Лишь музыка (никогда живопись) может стоять рядом с соснами на голубом снегу. Особенно если в ней что-то понимаешь (ср. стихи) — не надо этого бояться. <…>

27.2.

Надо запоминать лица, костюмы, людей, с которыми разговариваешь (очереди и т. п.). <…>

Абсолютно необходимо помнить лишь то, что способствует реальному измененью жизни. Все остальное нужно, но не обязательно, расстраиваться из-за него не надо. Будет другая жизнь, будут другие мысли — много («доверие к жизни»).

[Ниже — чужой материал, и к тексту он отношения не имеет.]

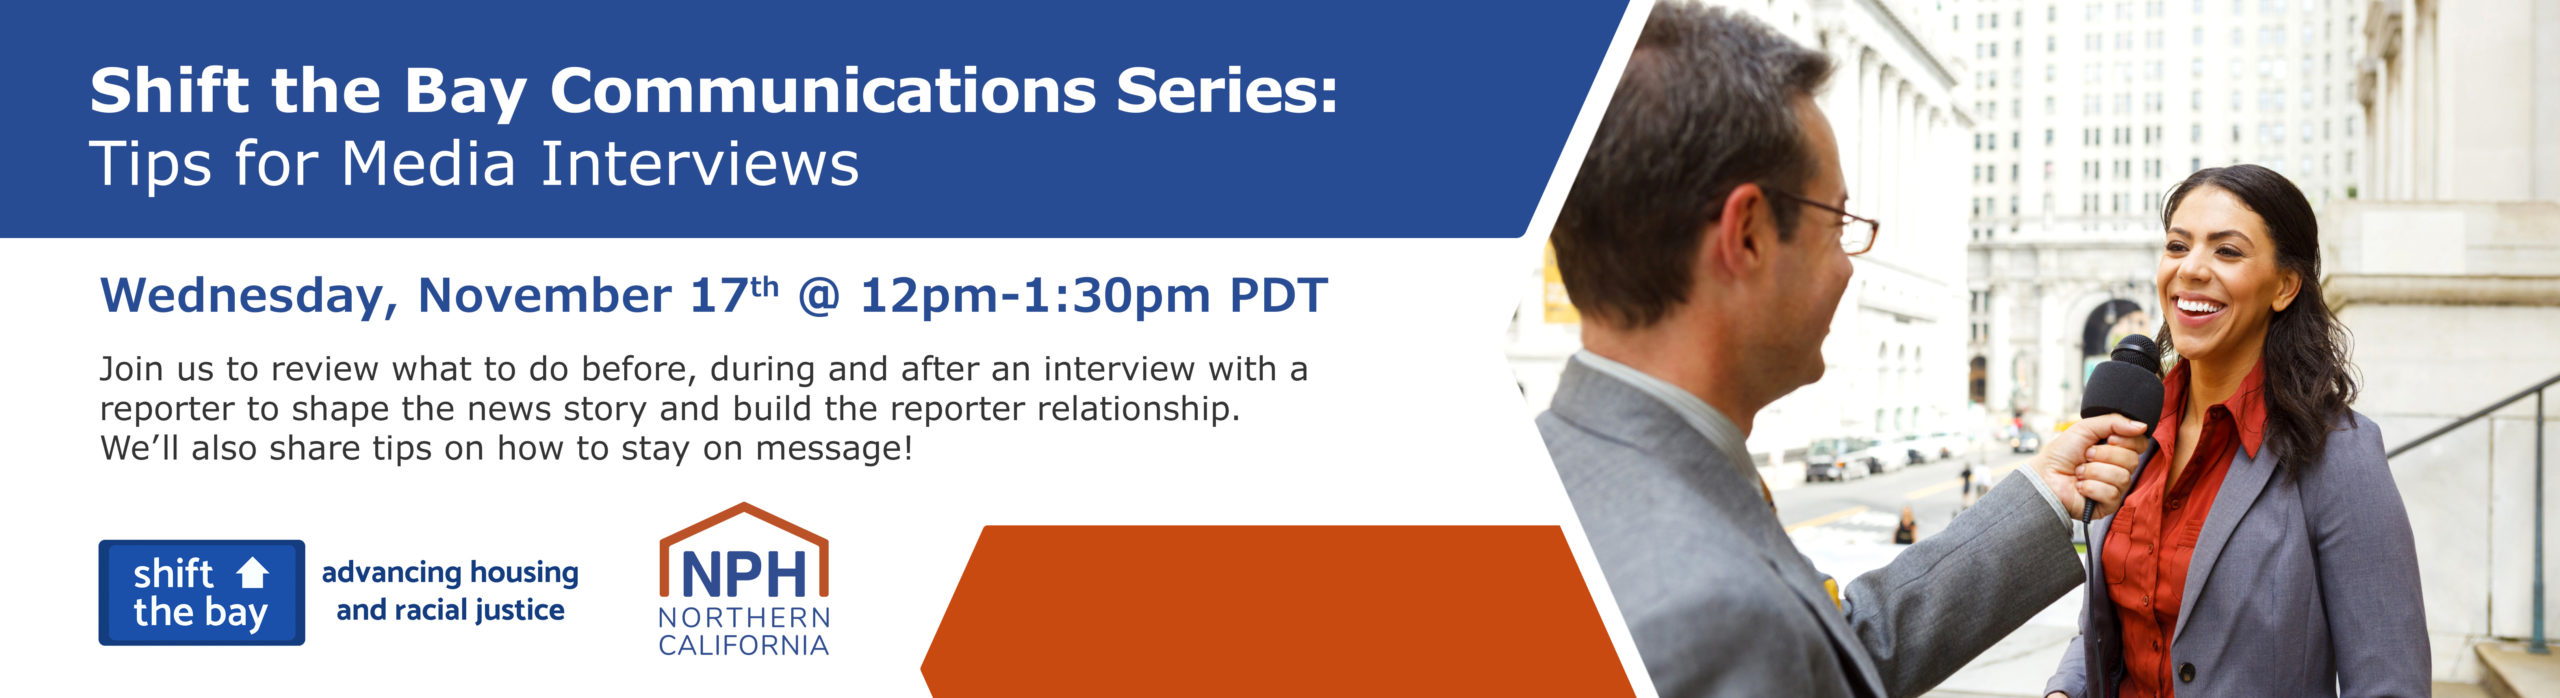 Shift the Bay Communications Series: Tips for Media Interviews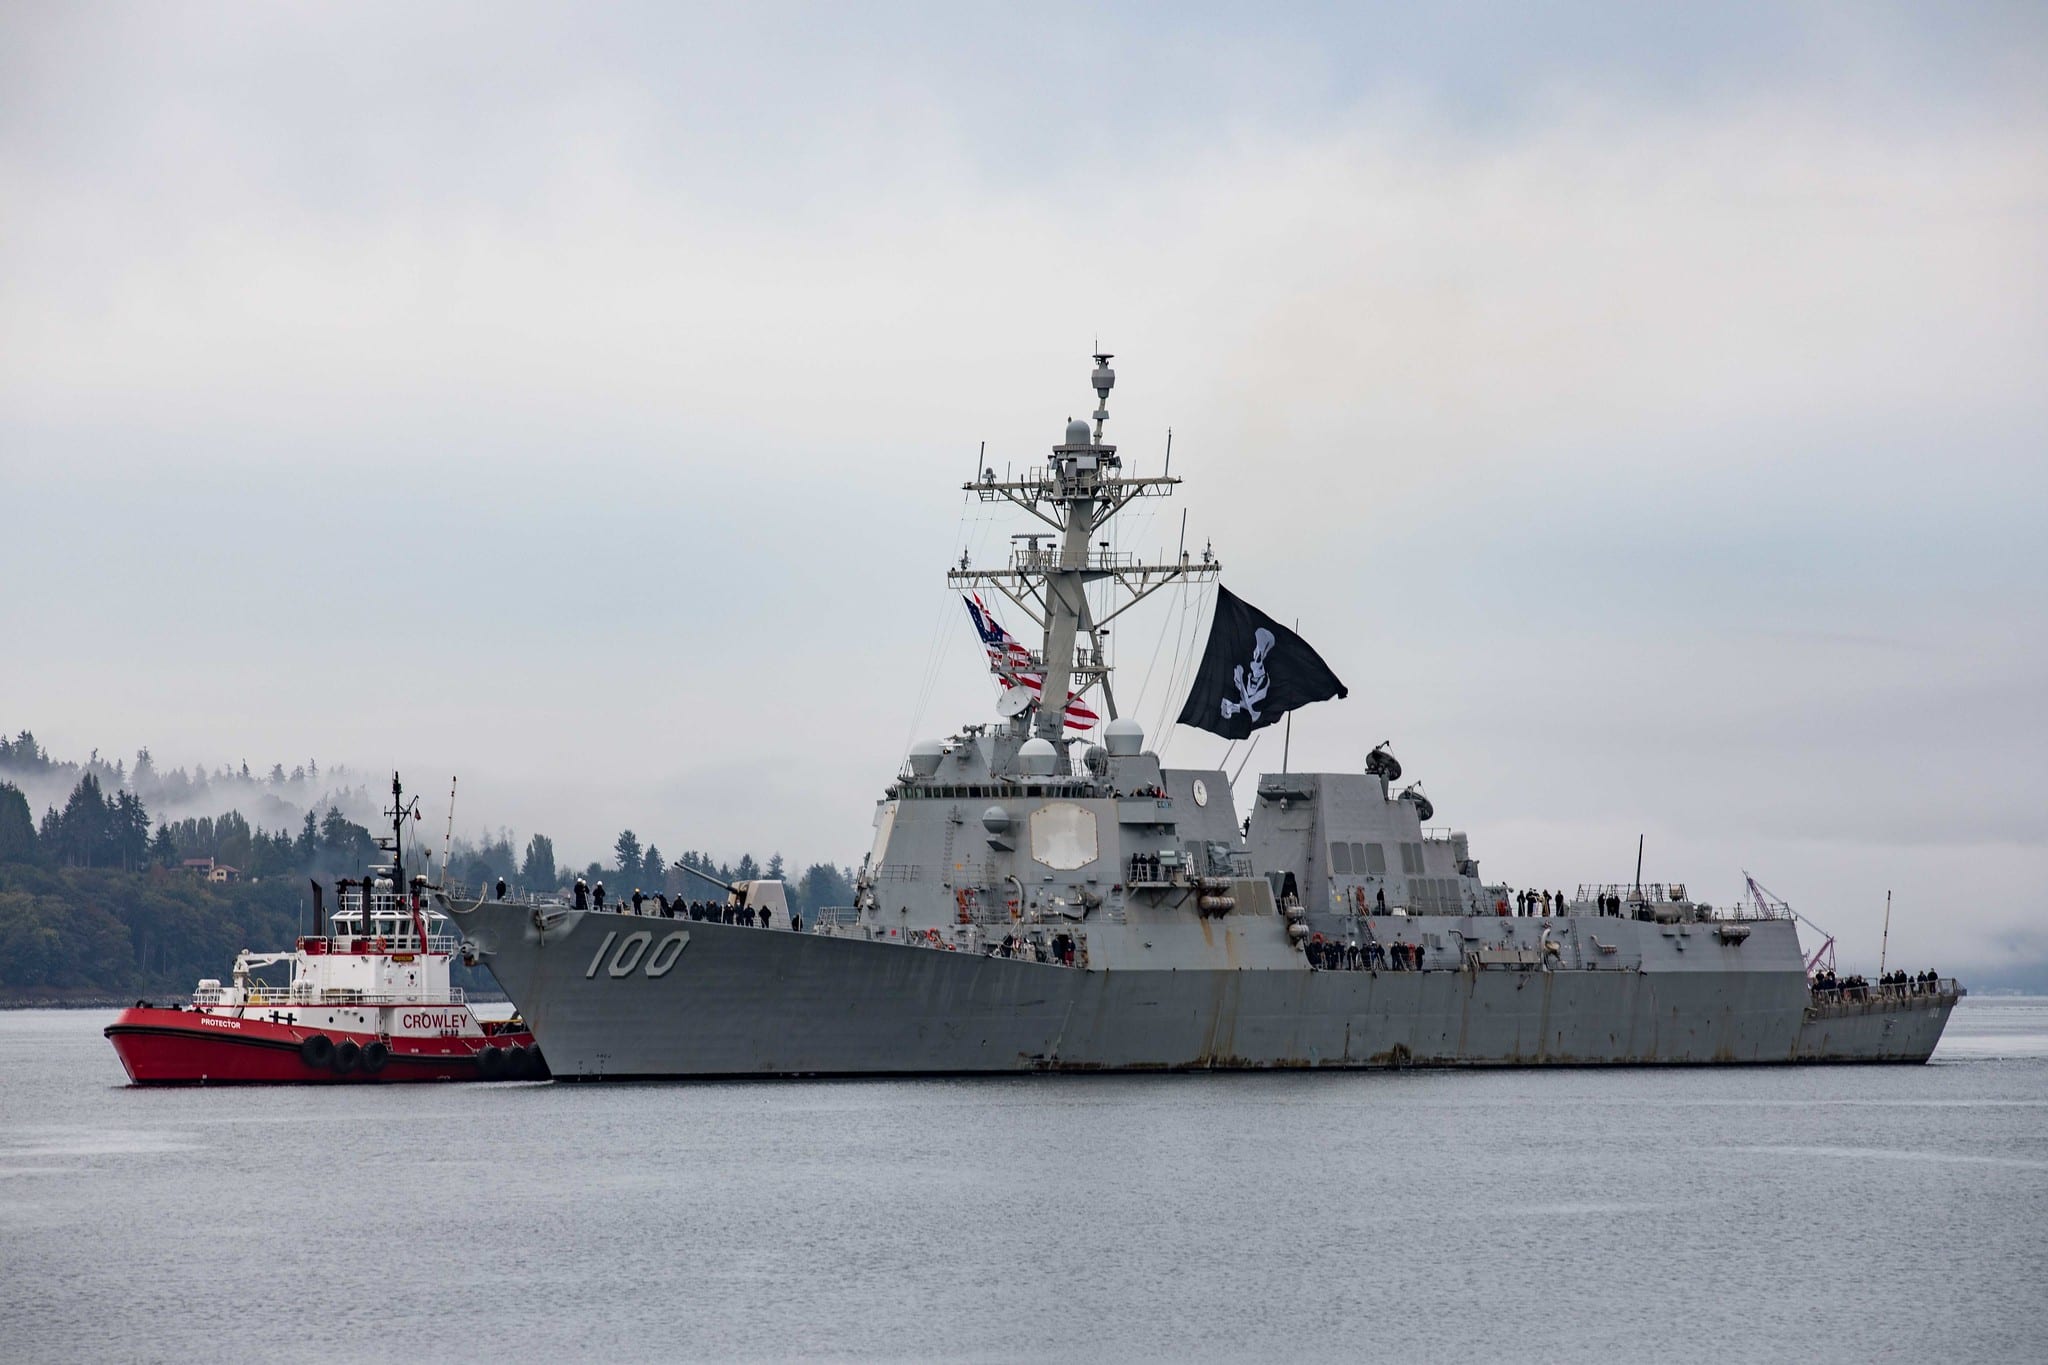 The guided-missile destroyer USS Kidd (DDG 100) arrives in Washington flying the "Jolly Roger"

Жизнь идет без перерыва. В то время, в те же минуты, когда я сижу в «отделе», кто-то уезжает, кто-то диссертирует, что-то происходит в высоких светлых комнатах всюду.

4.4.

Пустые мечты — это именно «недоверие к жизни», к ее солнцу, ветру, к дорогам. Минута живого ветра больше всего этого (т. е. если б и сбылось). Надо все время помнить о жизни со всем этим.

Жизнь не имеет другой цели кроме себя самой.

Переход к силлабике: стихи твердого метра, но силлабического («огнем моих страстей и водой моих слез»).

Мечта с реалистической мотивировкой — это уже не мечта, а творческая фантазия. Без таковой она бессмысленна и сама не живет (NB). Меж тем «счастье» невозможно (такое). Мечтается только о том, что знаешь (хоть и не лучшем — здесь, то, что видел, украшенно и т. д.) — жизнь не так богата тем, чего не знаешь. <…>

6.4.

<…>Отсутствие чувства значительности себя, своей судьбы — главная причина отсутствия лирики. Настоящий стих — фонетическое отраженье именно этого чувства. Весь же строй нашей жизни внушает человеку ощущенье полной своей ничтожности. «Противовесы» какие-нибудь важны, человек же — тьфу; голос его «тоньше писка»[24]. <…>

Фрагменты из писем разных лет

Лето 1966 г.[25]

Приехал совсем из Цихисдзири в Батуми, ночью уезжаю в Тбилиси. Дома буду 26-го и тут же стану искать Вас. Возможно, даже увидимся раньше, чем придет это письмо. Рувим[26] Ваш просто великолепен. Я даже не думал, что он такой интересный человек.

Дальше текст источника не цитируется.